# Bounded sequence and every convergent subsequence converges to L

Let $\{x_n\}$ be a bounded sequence such that every convergent subsequence converges to $L$. Prove that $$\lim_{n\to\infty}x_n = L.$$

The following is my proof. Please let me know what you think.

Prove by contradiction: ($A \wedge \lnot B$)

Let {$x_n$} be bounded, and every convergent sub-sequence converges to $L$.

Assume that $$\lim_{n\to\infty}x_n\ne L$$

Then there exists an $\epsilon>0$ such that $|x_n – L|\ge \epsilon$ for infinitely many n.

Now, there exists a sub-sequence $\{x_{n_{k}}\}$ such that $|x_{n_{k}} – L| \ge\epsilon$.

By Bolzano-Weierstrass Theorem $x{_{n{_k}}}$ has a convergent subsequence $x_{n_{k{_{l}}}}$ that does not converge to $L$.

$x_{n_{k_{l}}}$ is also a sub-sequence of the original sequence $x_n$, then this is a contradiction since every convergent sub-sequence of $x_n$ converges to $L$.

Hence the assumption is wrong.
So $\lim_{n\to\infty}x_n = L.$

#### Solutions Collecting From Web of "Bounded sequence and every convergent subsequence converges to L"

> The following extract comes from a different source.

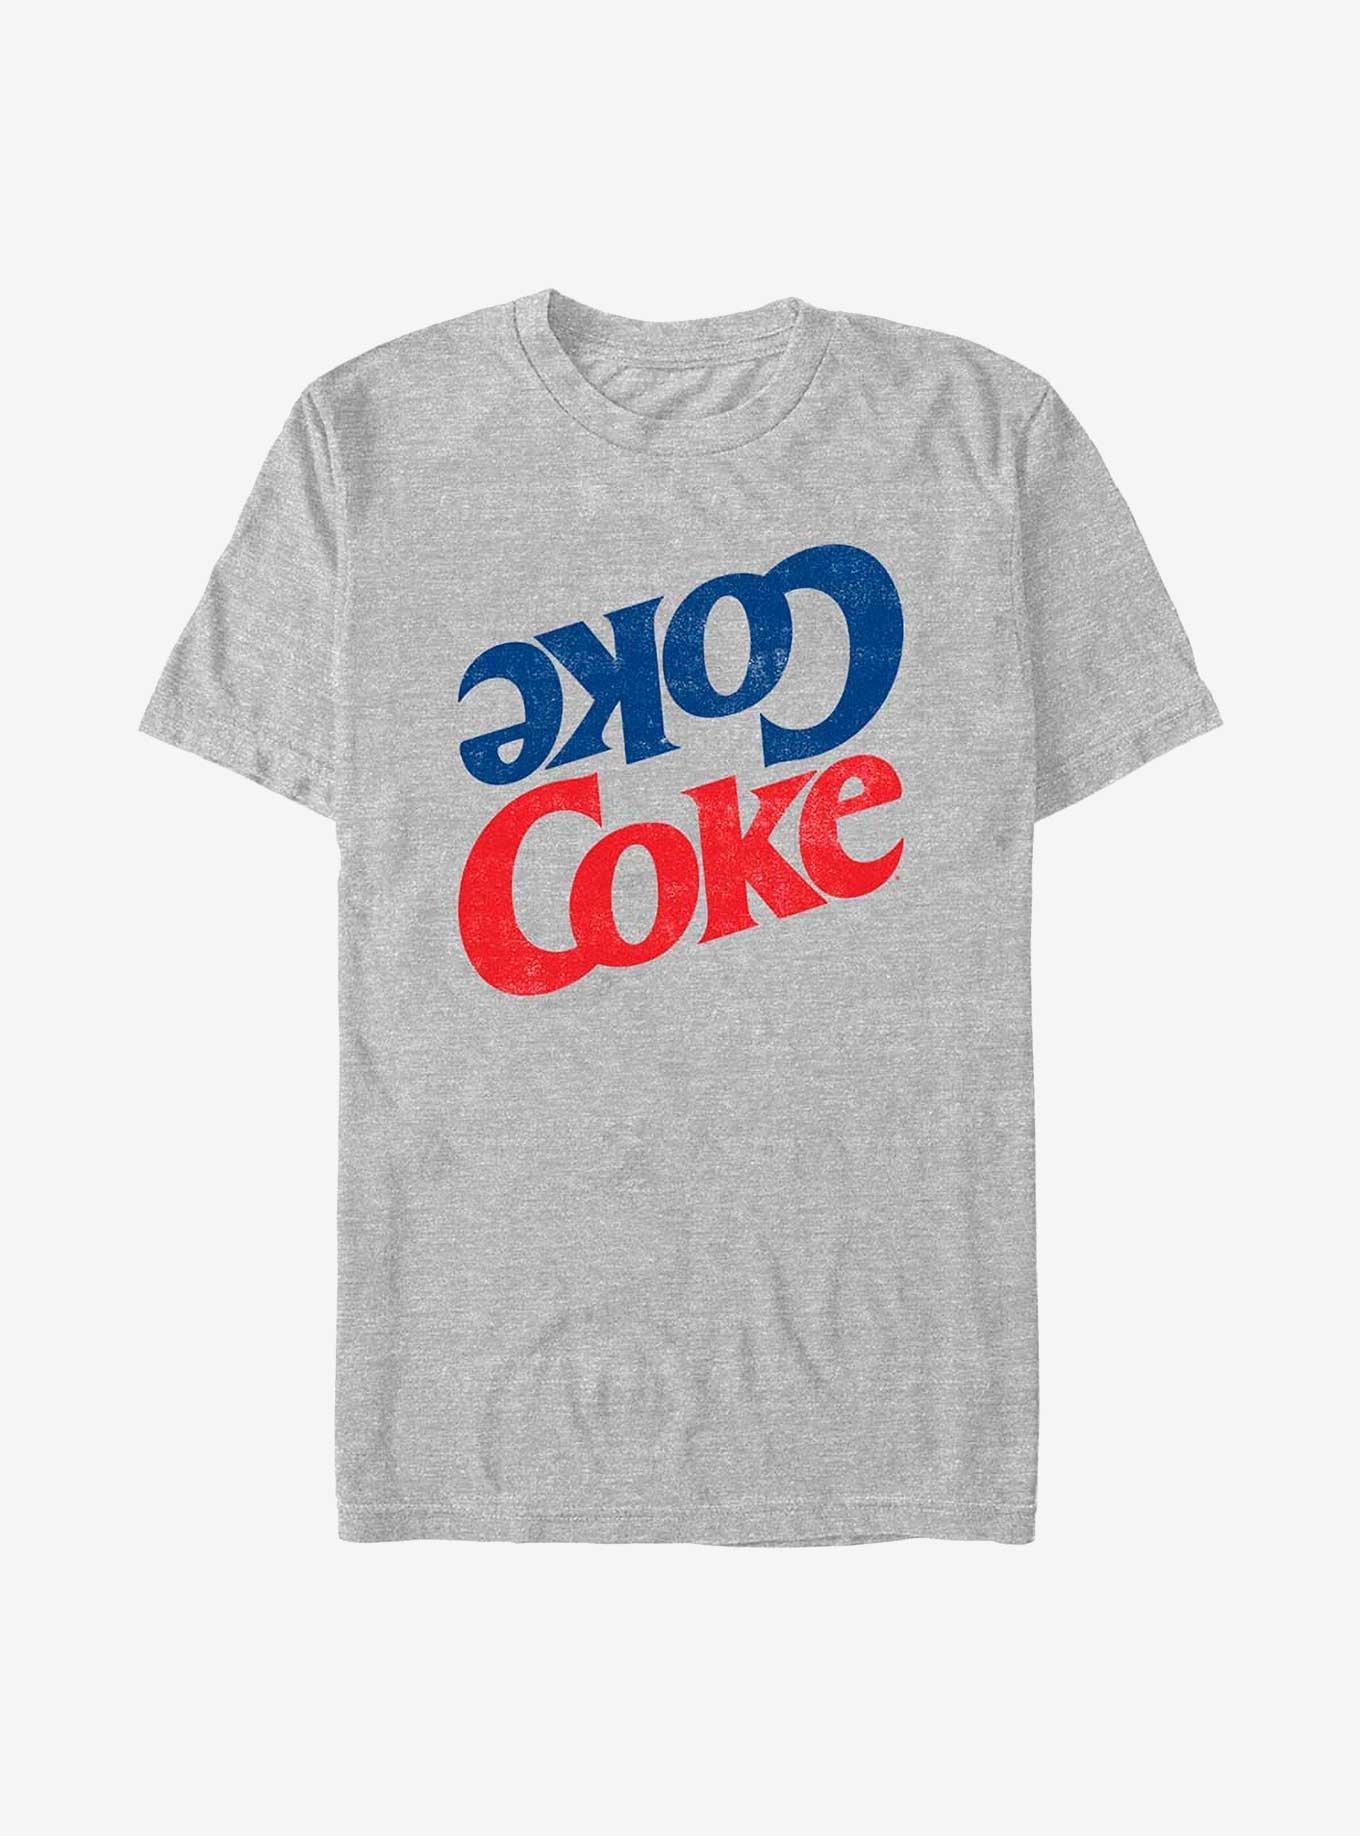 Coca-Cola Coke Stack T-Shirt, ATH HTR, hi-res

Let {$x_n$} be bounded, and every subsequence converges to L.
Assume that $lim_{n\to\infty}(x_n)\ne L$.
Then there exists an epsilon such that infinitely many $n \in N \implies |x_n – L|\ge \epsilon$
Now, there exists a subsequence $\{ x_{\Large{n_k}} \}$ such that $|x_{\Large{n_k}} – L|\ge \epsilon \quad \color{red}{(♫)}$

1. How to presage proof by contradiction? Why not a direct proof?

2. Where does $\color{red}{(♫)}$ issue from?

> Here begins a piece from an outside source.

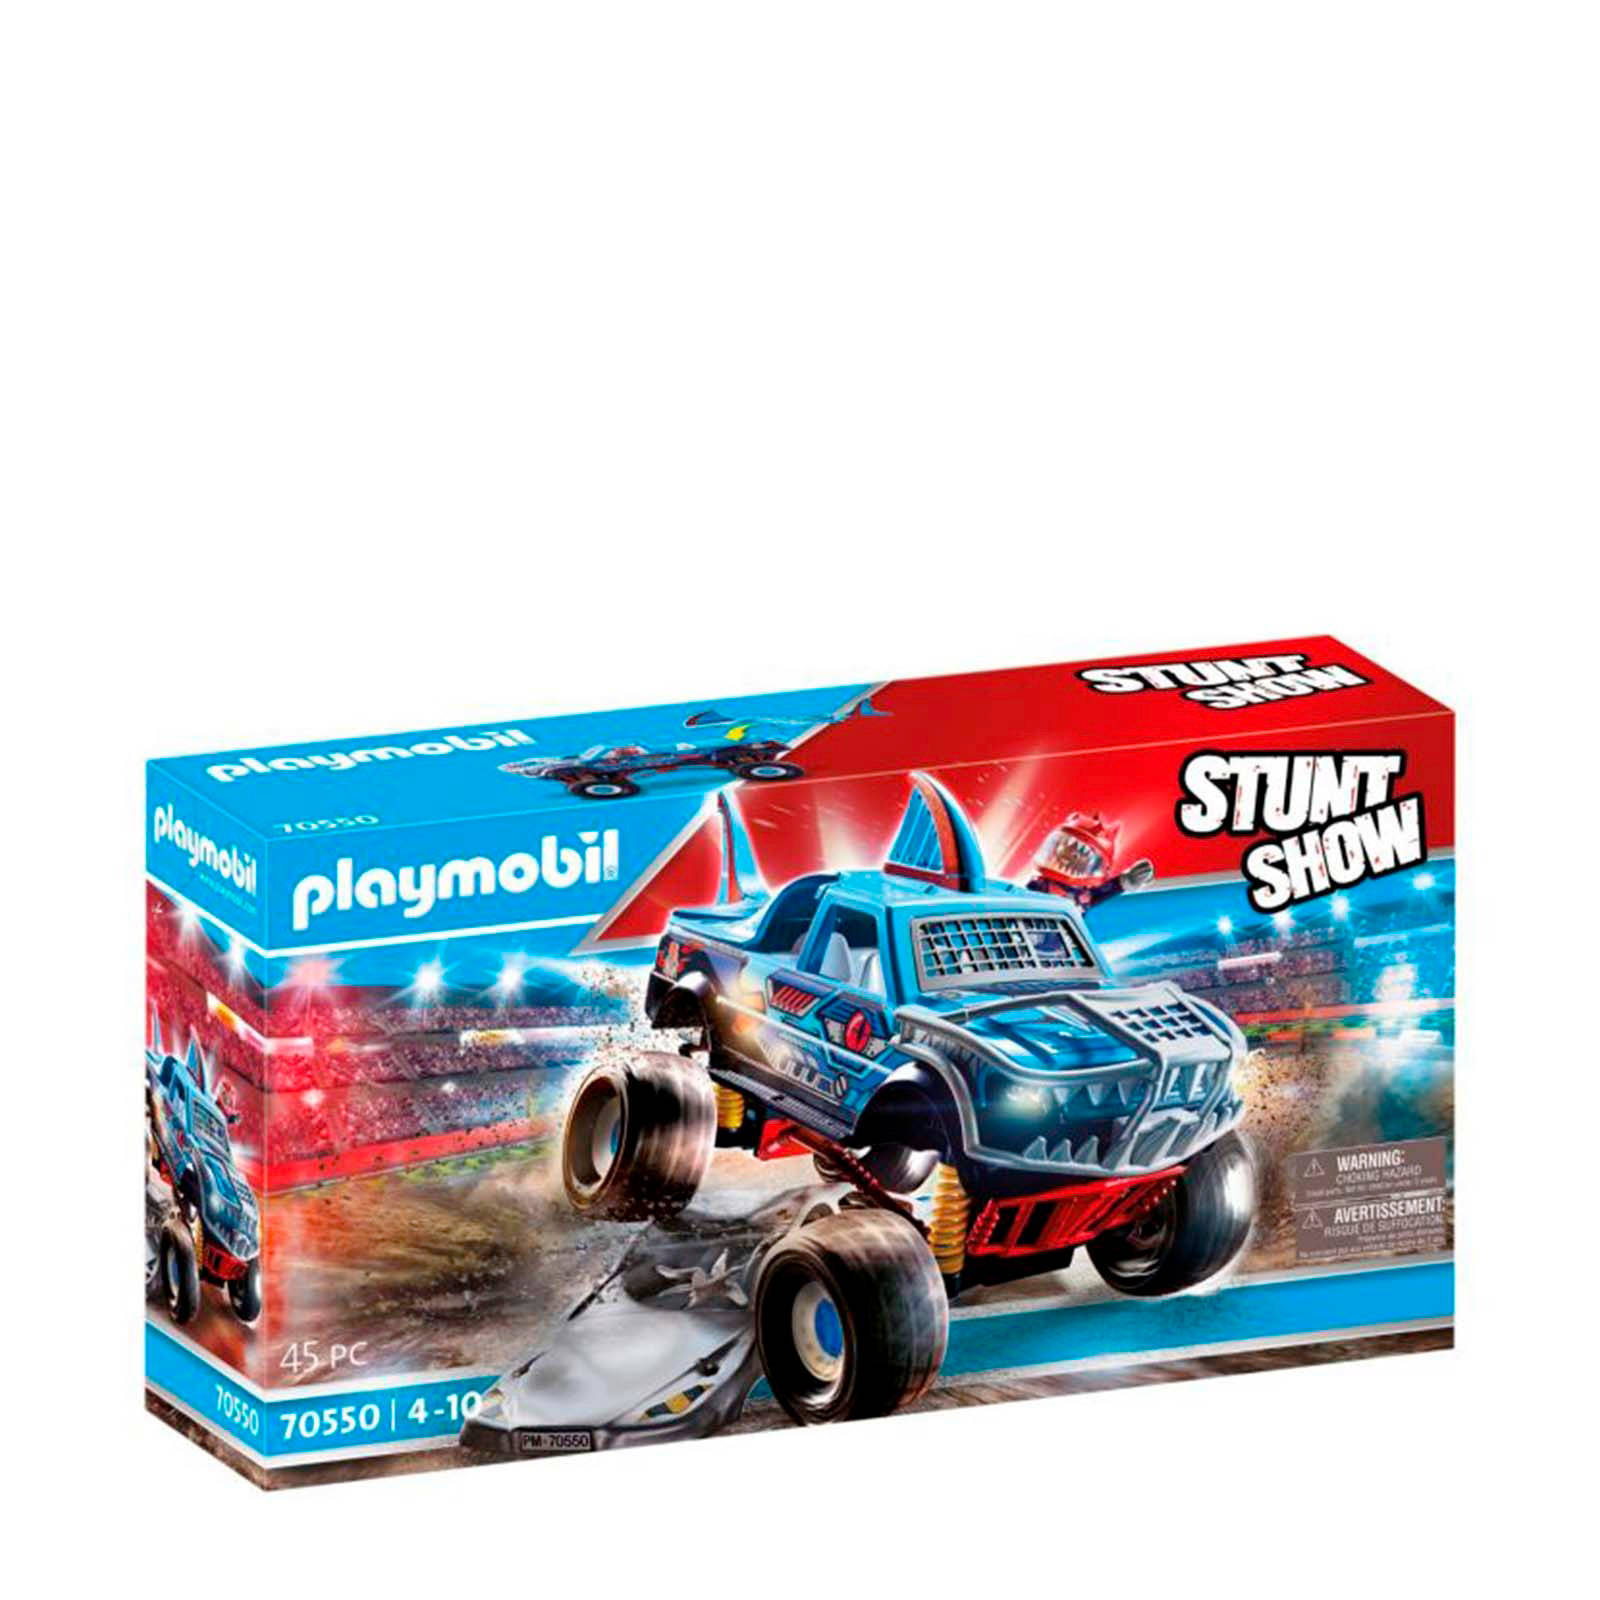 Playmobil ® Constructie speelset Monster Truck haai(70550 ), Stuntshow(45 stuks ) online kopen

By Bolzano Weiertrass Theorem $\{ x_{\Large{n_k}} \}$ has a convergent subsequence $\{ x_{n_{k_l}} \}$ that doesn’t converge to L. This is a contradiction.

Why? $\{ x_{\Large{n_{k_l}}} \}$ is a sub sequence of the sub sequence $x_{\Large{n_k}}$, which was posited to converge to L.
By the agency of p 57 q2.5.1, every convergent sub sequence of $x_n$ converges to the same limit as the original sequence. So $\{ x_{\Large{n_{k_l}}} \} \to L$.